▶ [TASK ITEM]:
Write out the whole listing below exactly, skipping each picture.

▶ [DATASET CONTENT]:
▬▬▬
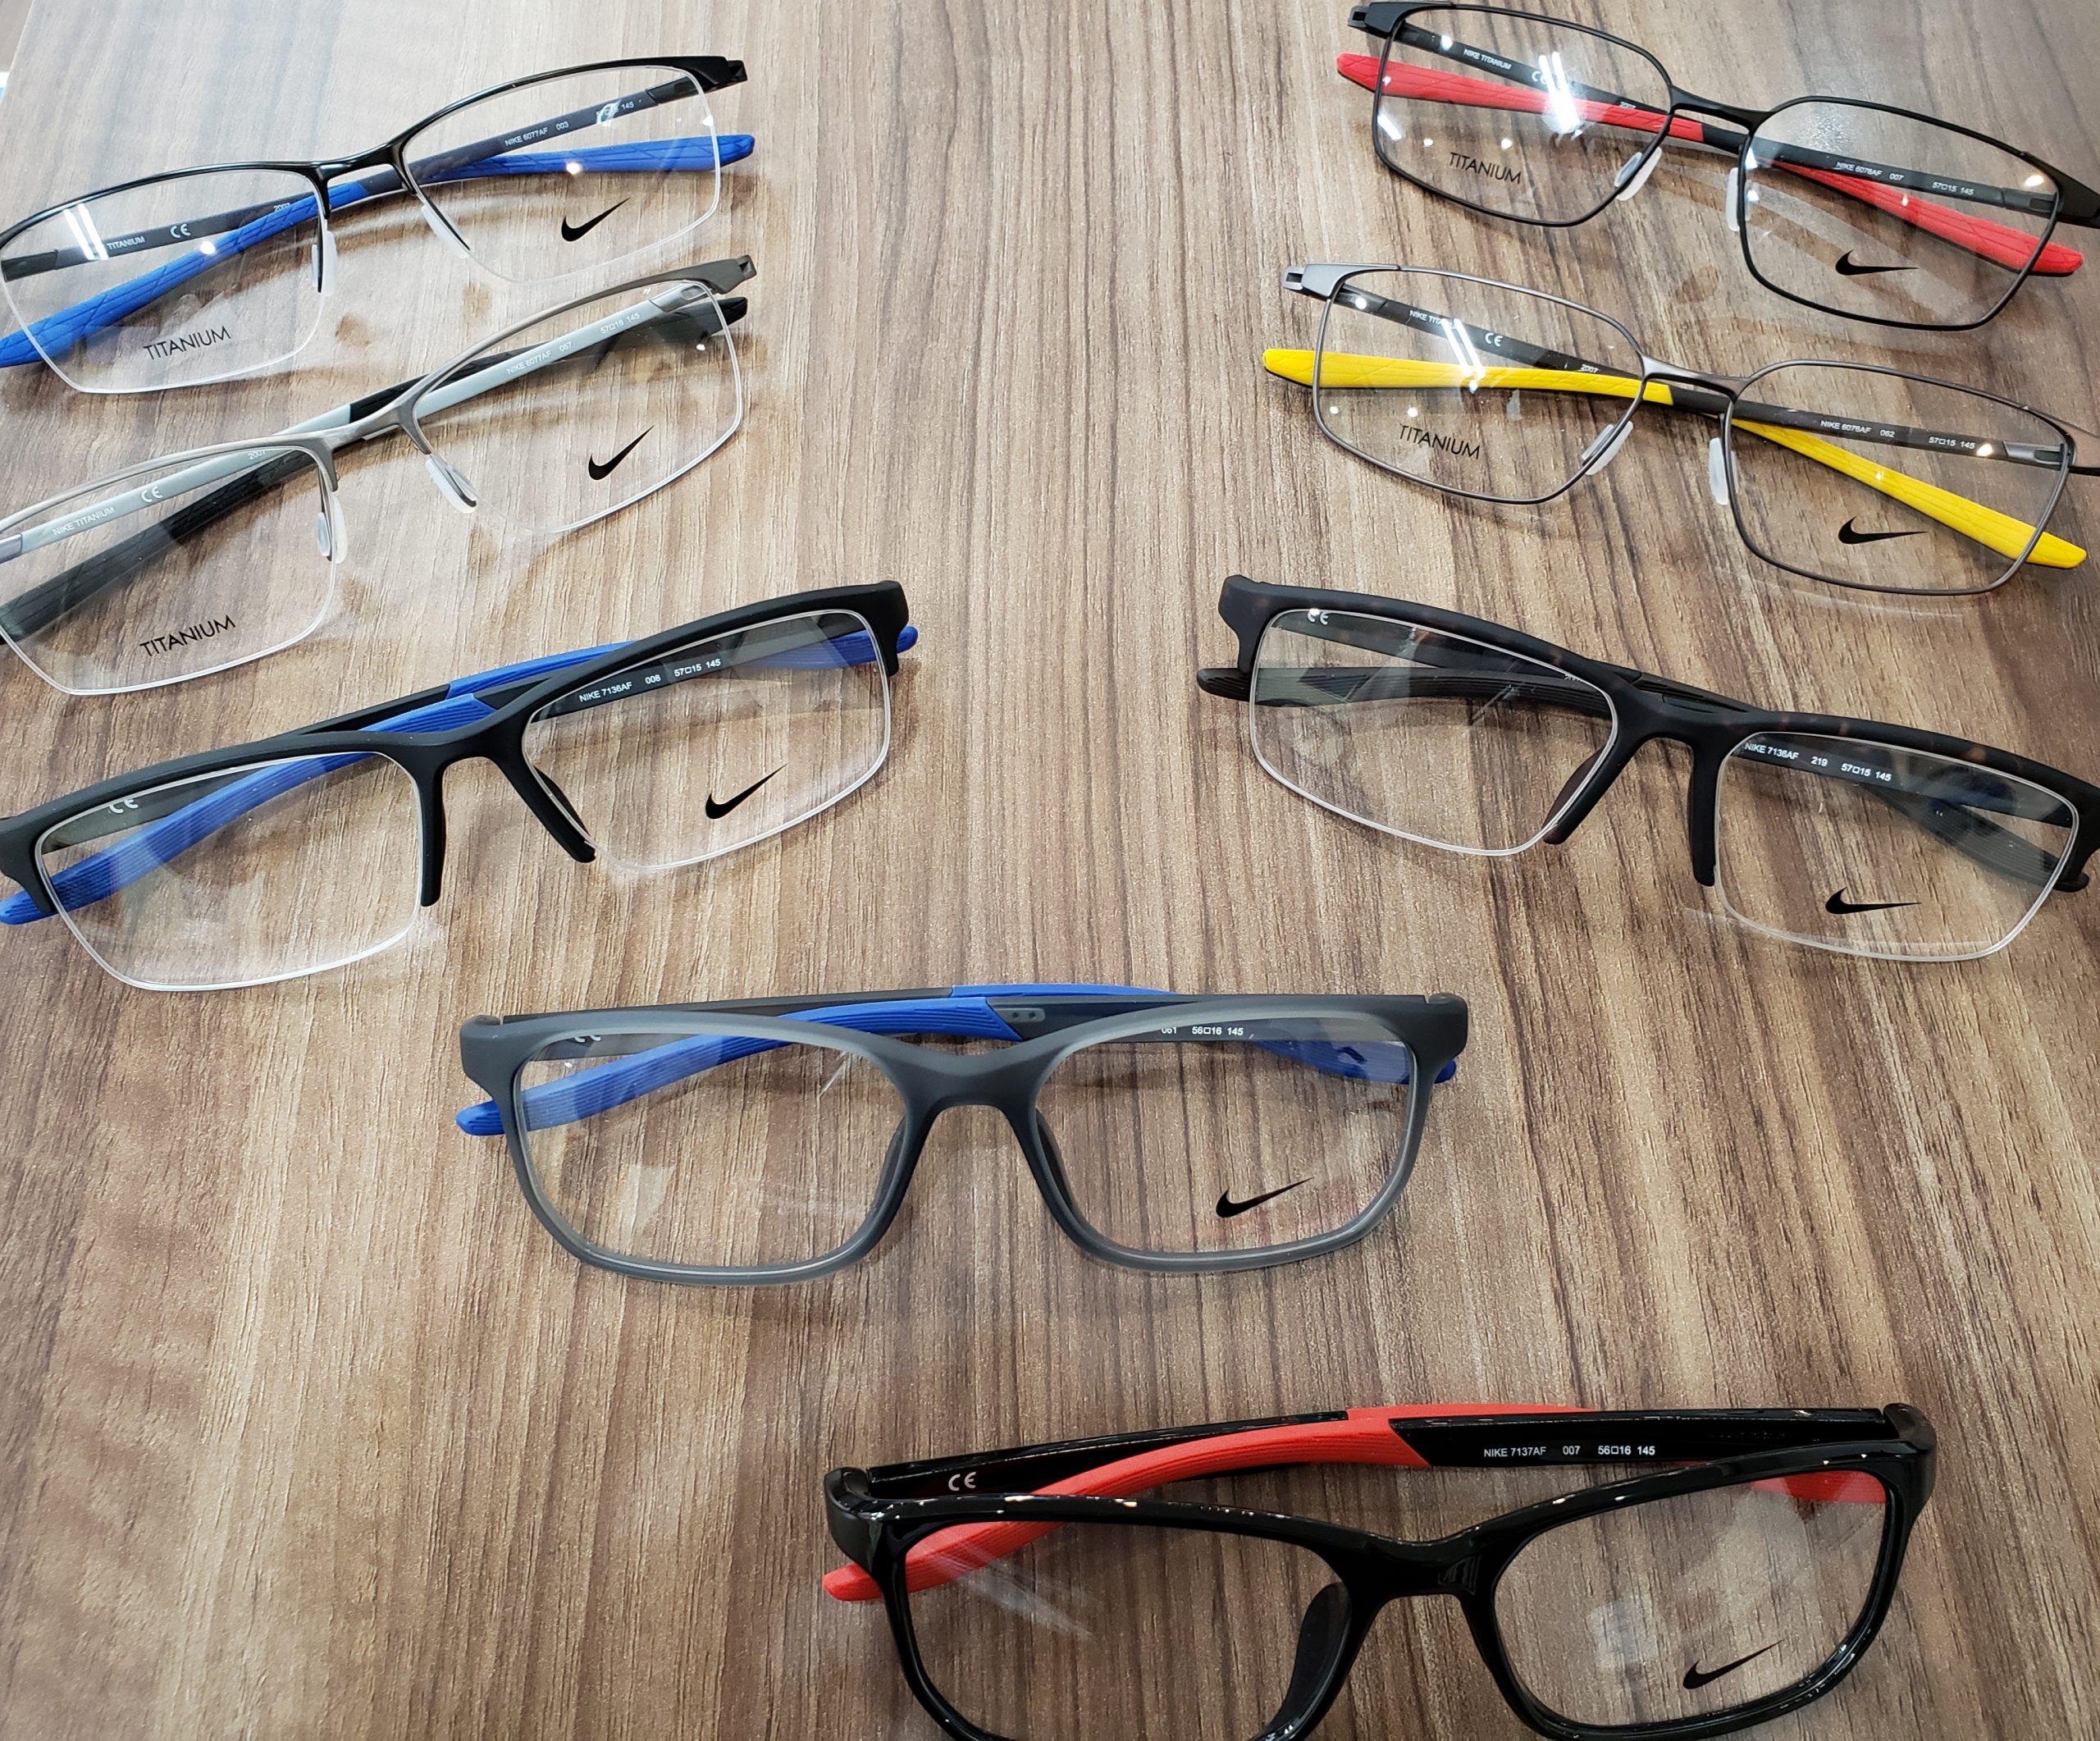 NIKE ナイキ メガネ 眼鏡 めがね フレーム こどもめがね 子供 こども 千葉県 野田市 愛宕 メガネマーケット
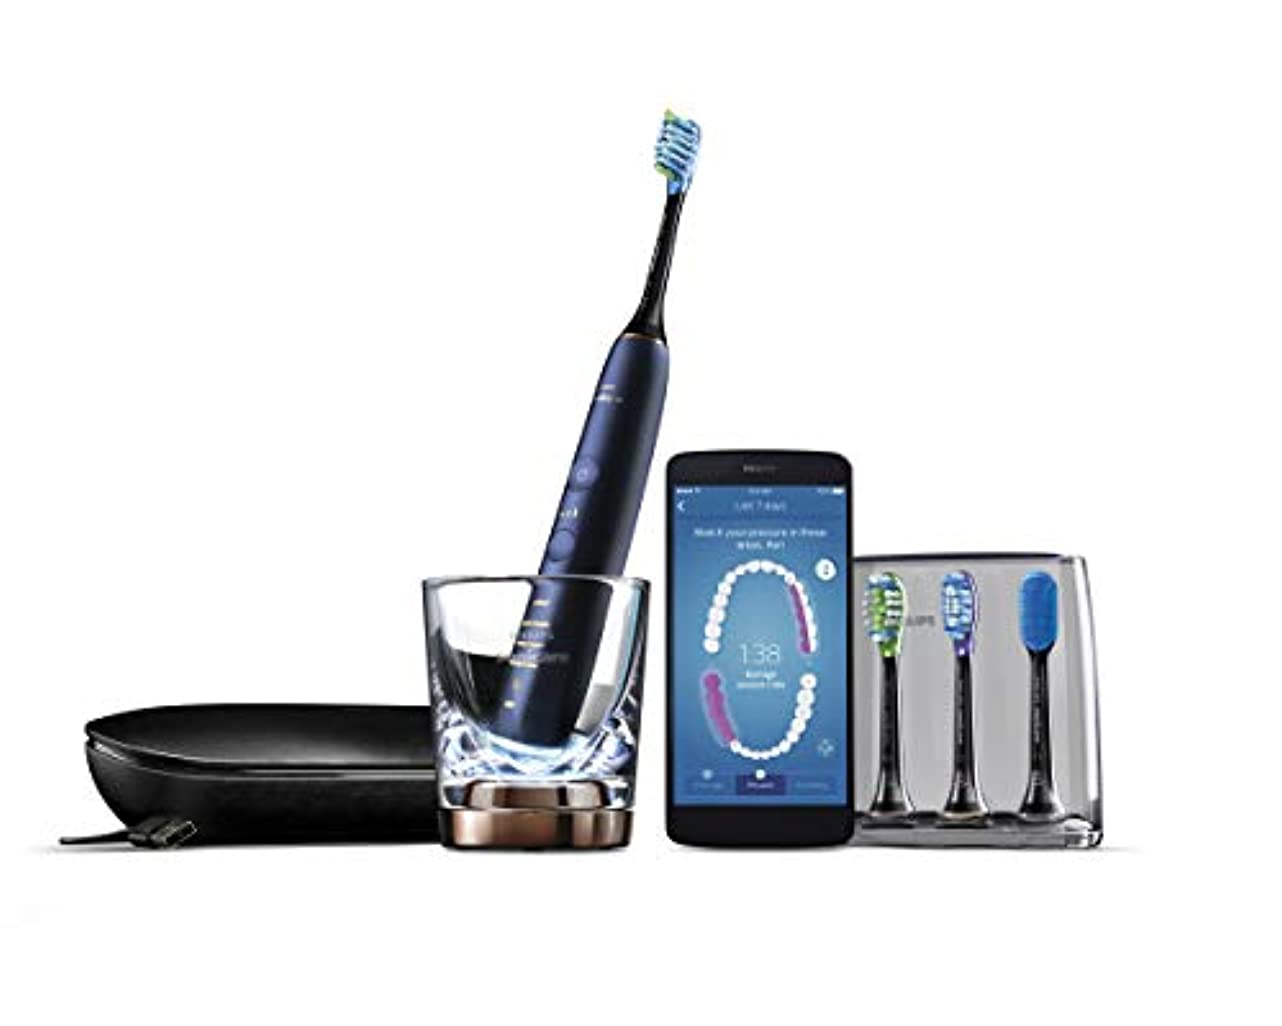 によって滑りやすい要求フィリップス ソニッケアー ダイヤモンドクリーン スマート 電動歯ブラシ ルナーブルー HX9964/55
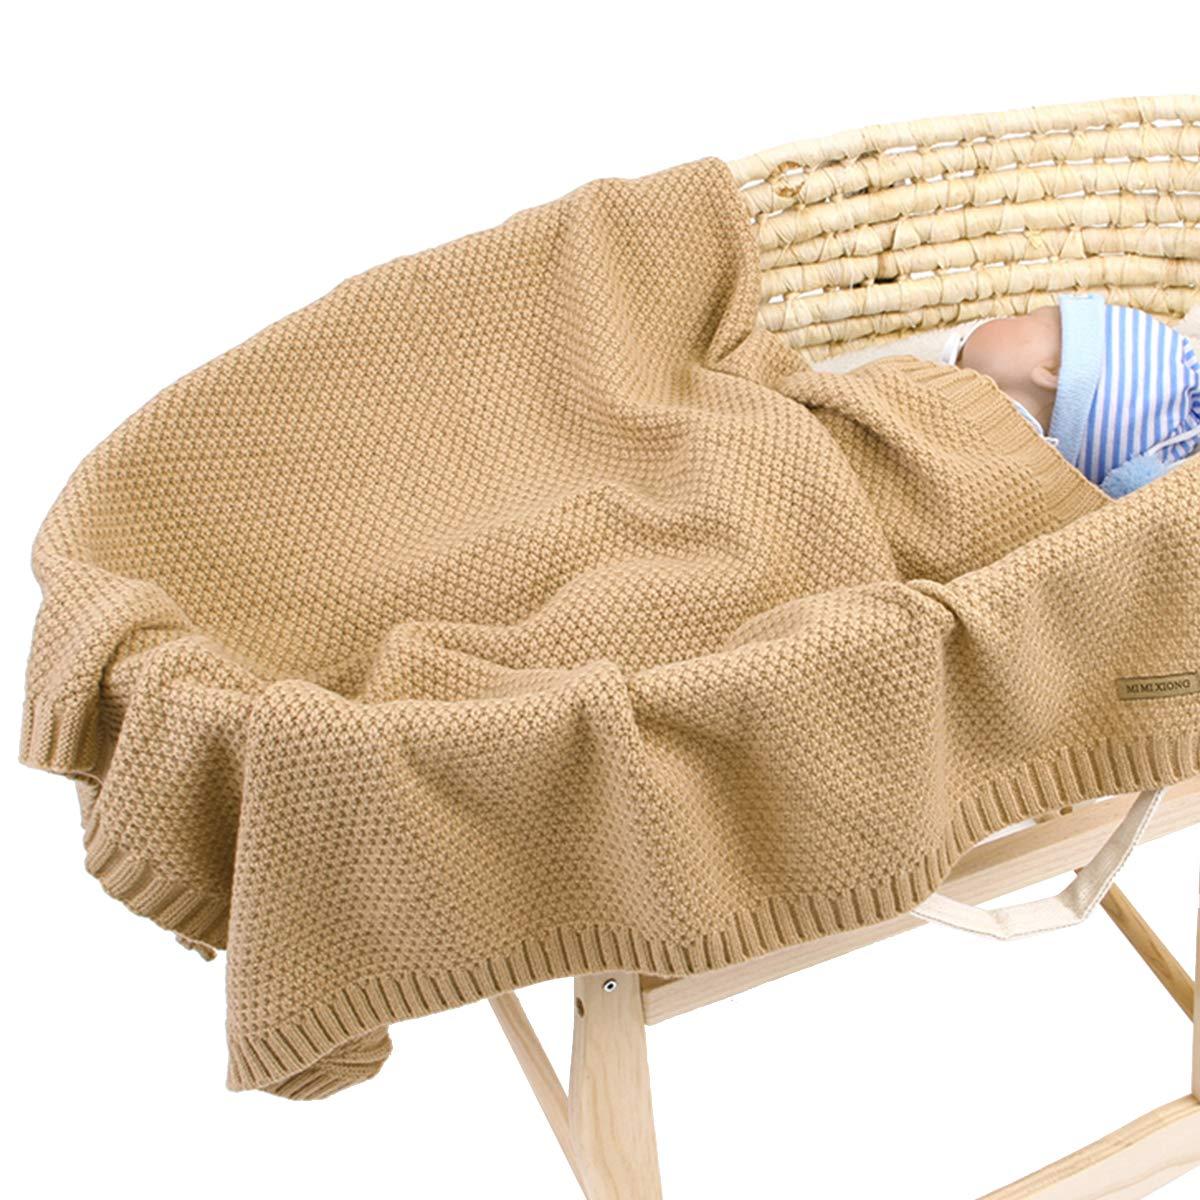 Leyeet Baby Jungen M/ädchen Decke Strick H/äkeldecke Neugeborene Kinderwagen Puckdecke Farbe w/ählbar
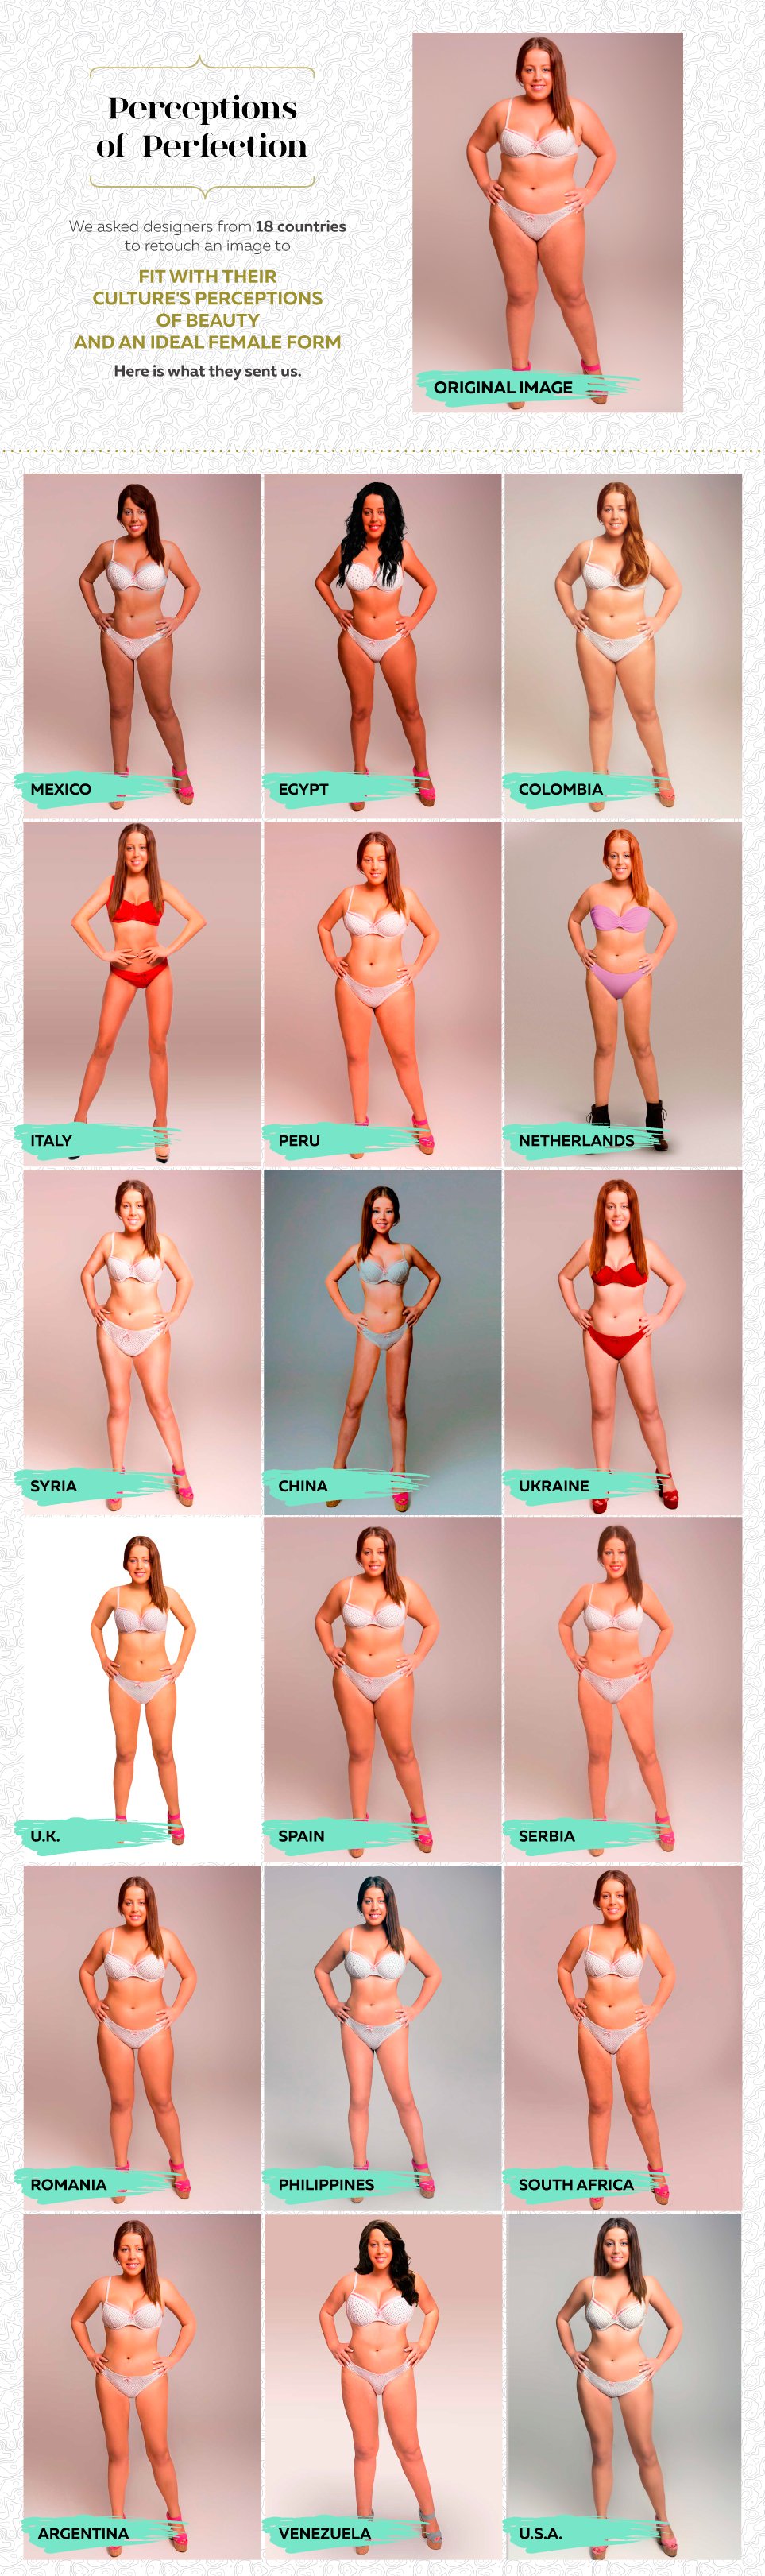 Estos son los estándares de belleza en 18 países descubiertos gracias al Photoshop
▬▬▬
▶ [PROBLEM SOLUTION]:
 NIKE ナイキ メガネ 眼鏡 めがね フレーム こどもめがね 子供 こども 千葉県 野田市 愛宕 メガネマーケット
 によって滑りやすい要求フィリップス ソニッケアー ダイヤモンドクリーン スマート 電動歯ブラシ ルナーブルー HX9964/55
 Leyeet Baby Jungen M/ädchen Decke Strick H/äkeldecke Neugeborene Kinderwagen Puckdecke Farbe w/ählbar
 Estos son los estándares de belleza en 18 países descubiertos gracias al Photoshop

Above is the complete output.